[Exercise description] Give the listing again in full and exactly, apart from its pictures.

[Information supplied]
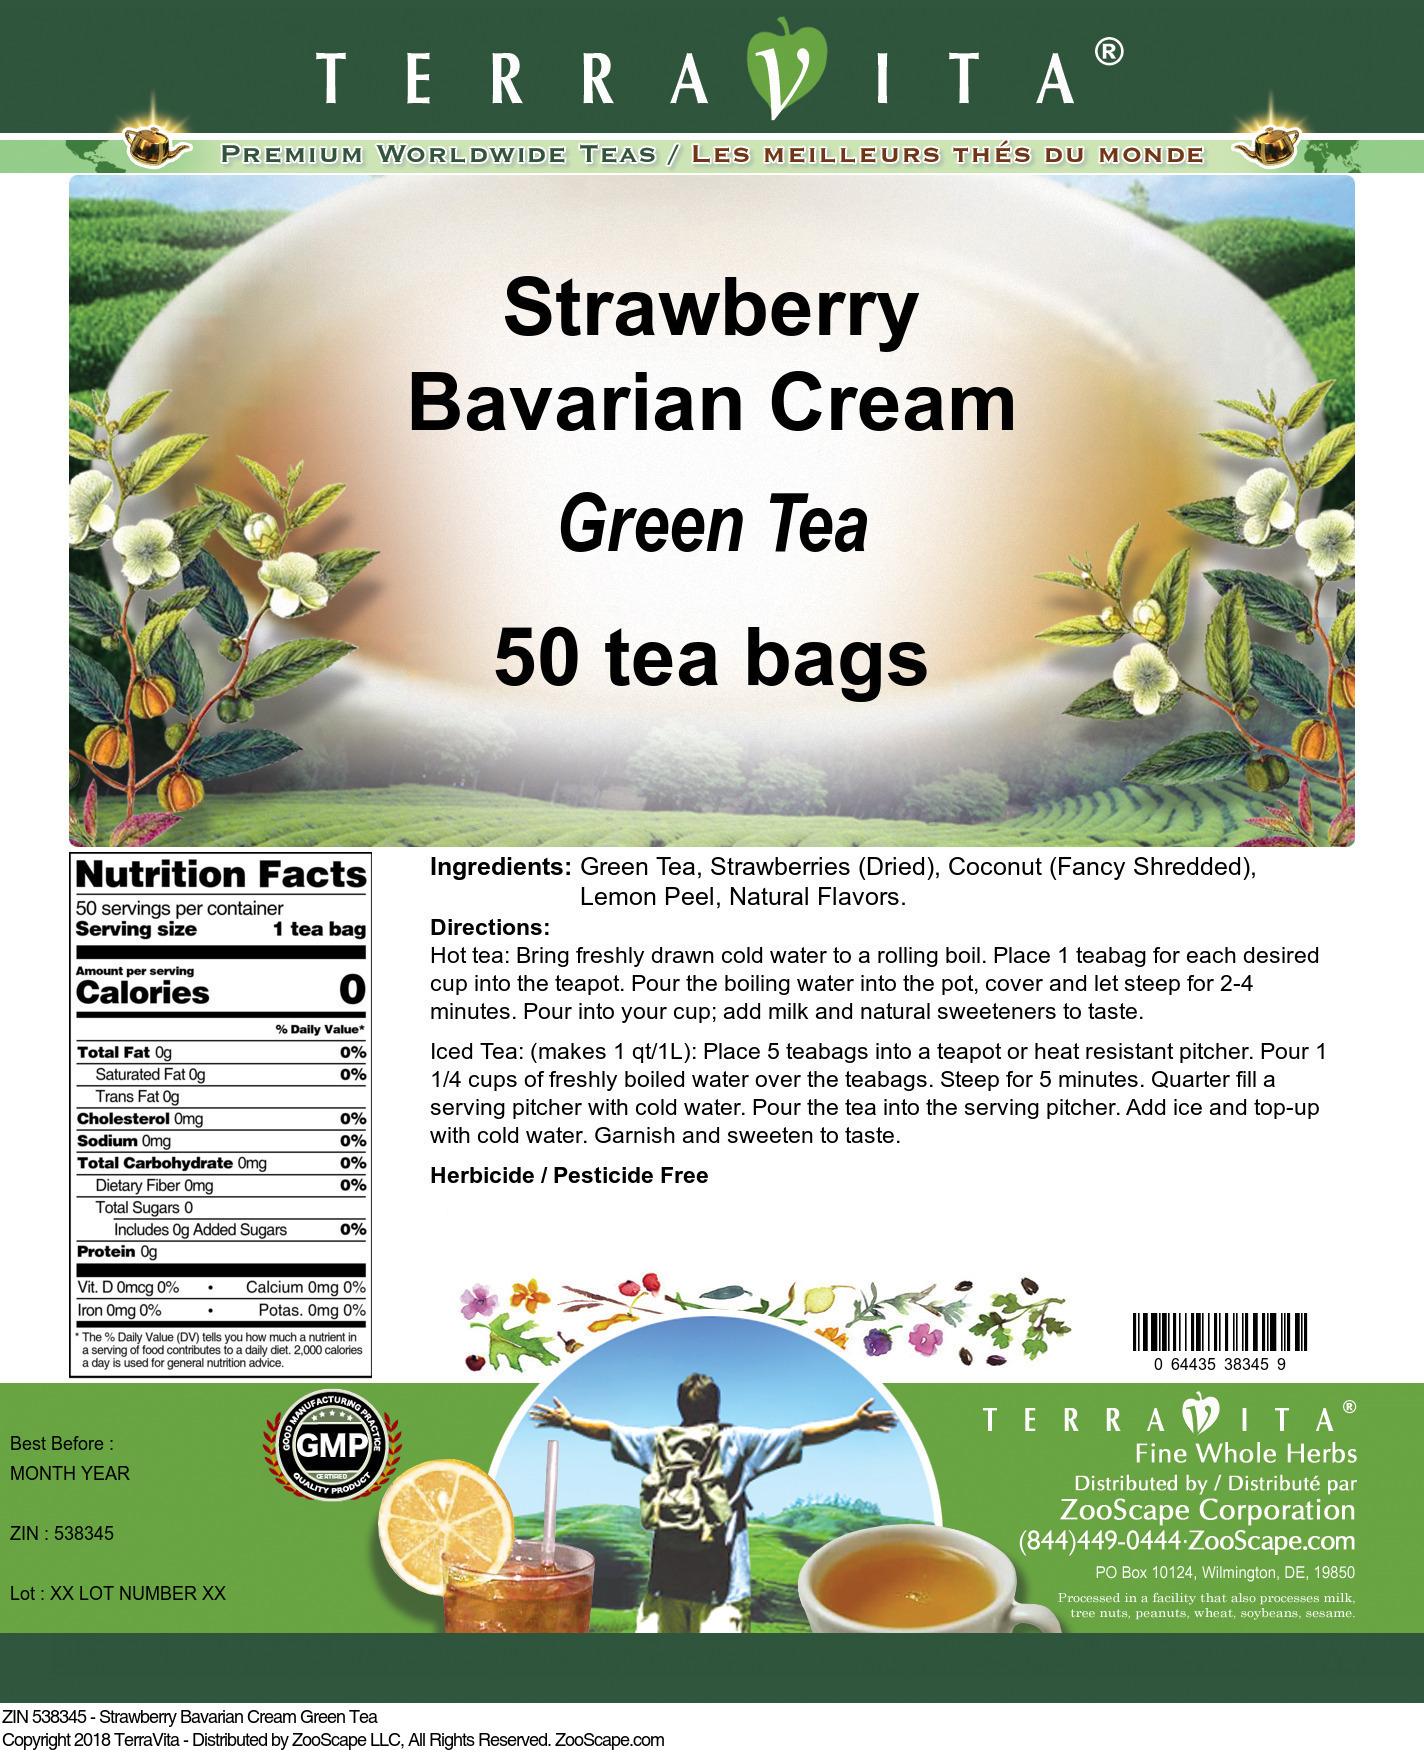 Strawberry Bavarian Cream Green Tea
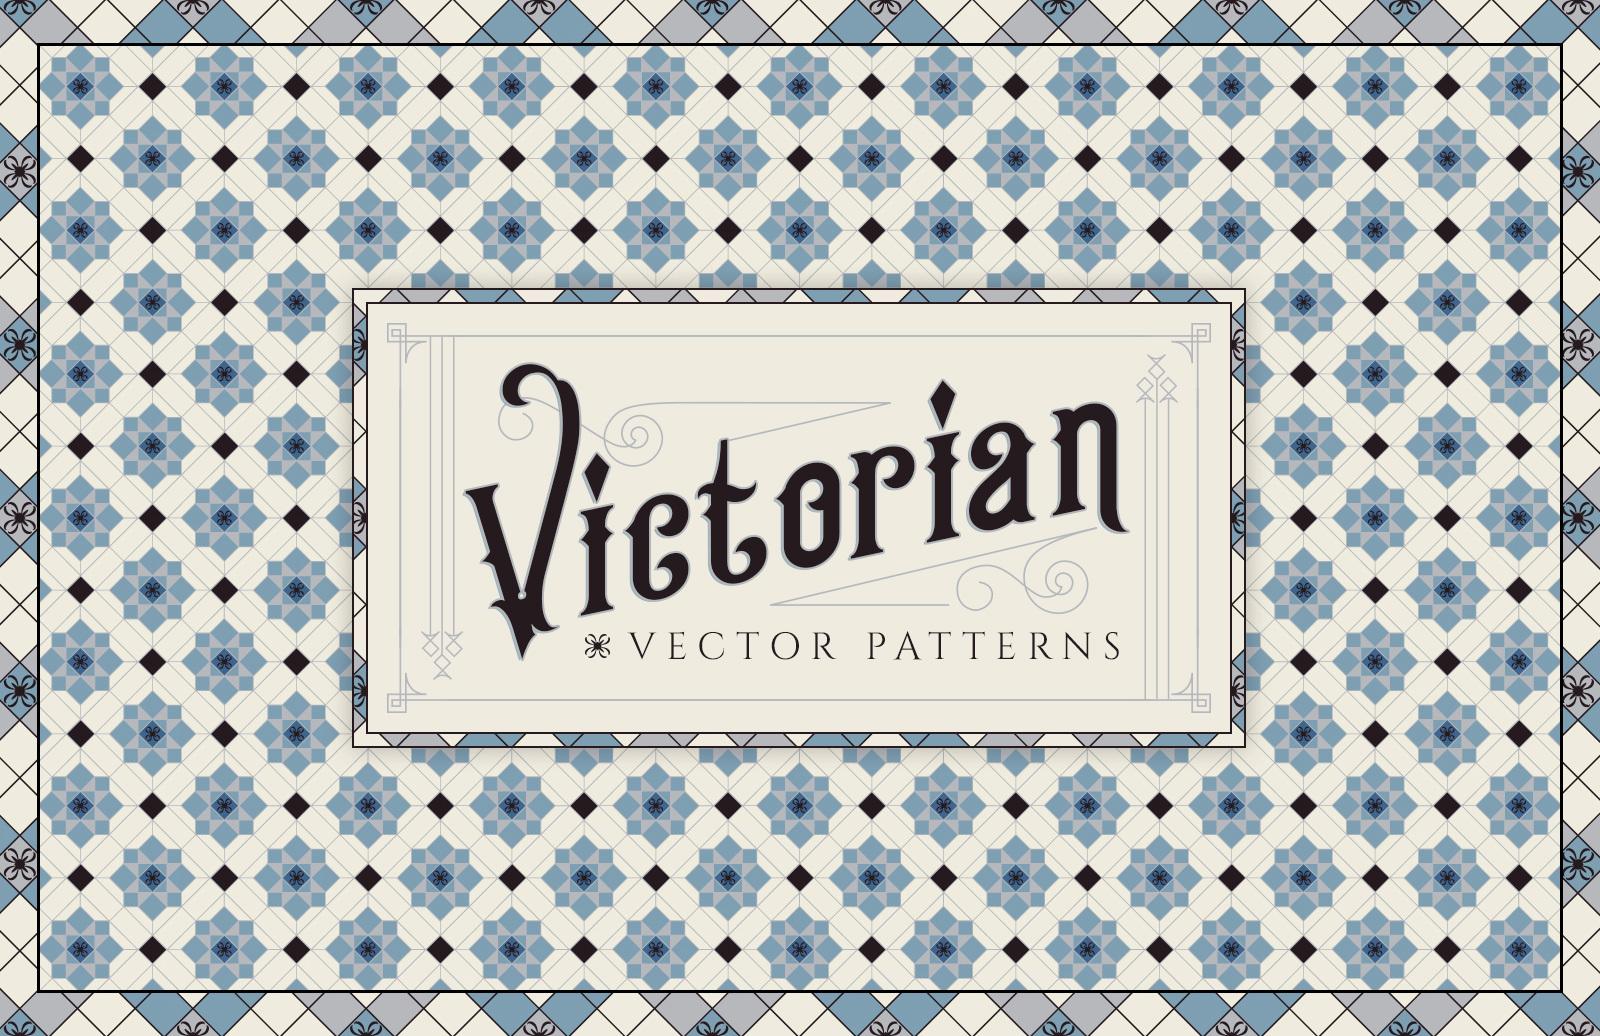 Victorian Vector Patterns 1
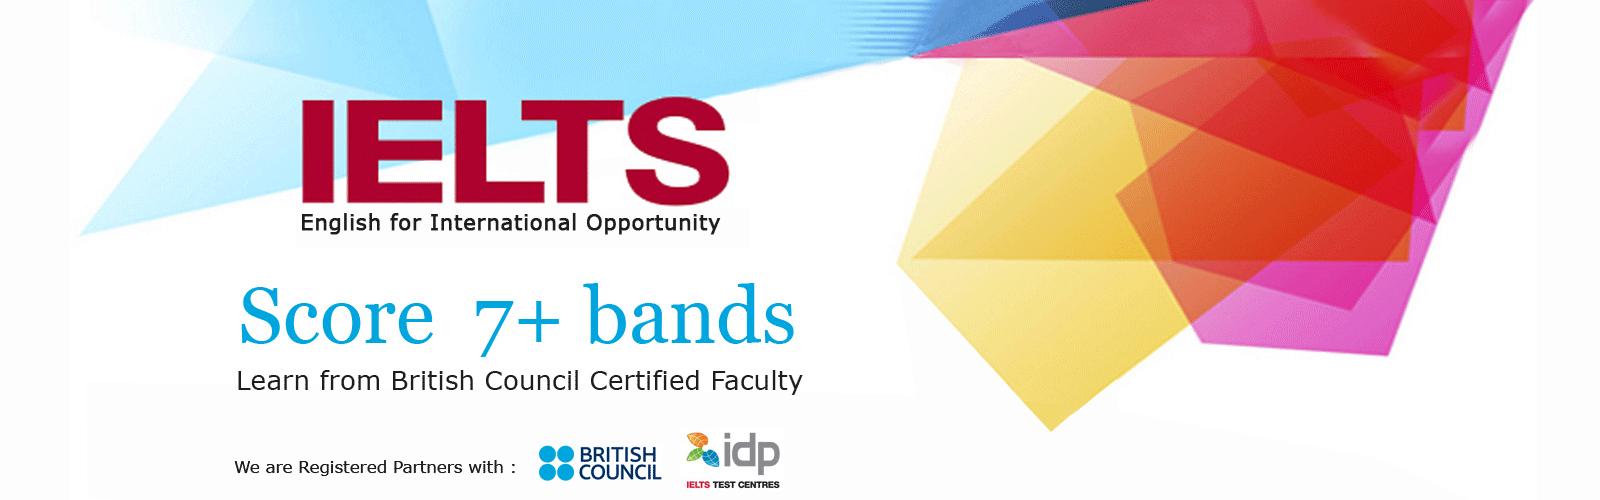 Study Abroad Consultants in Kerala | Best IELTS Centre In

[Result]
 Strawberry Bavarian Cream Green Tea
 Victorian Vector Patterns 1
 Study Abroad Consultants in Kerala | Best IELTS Centre In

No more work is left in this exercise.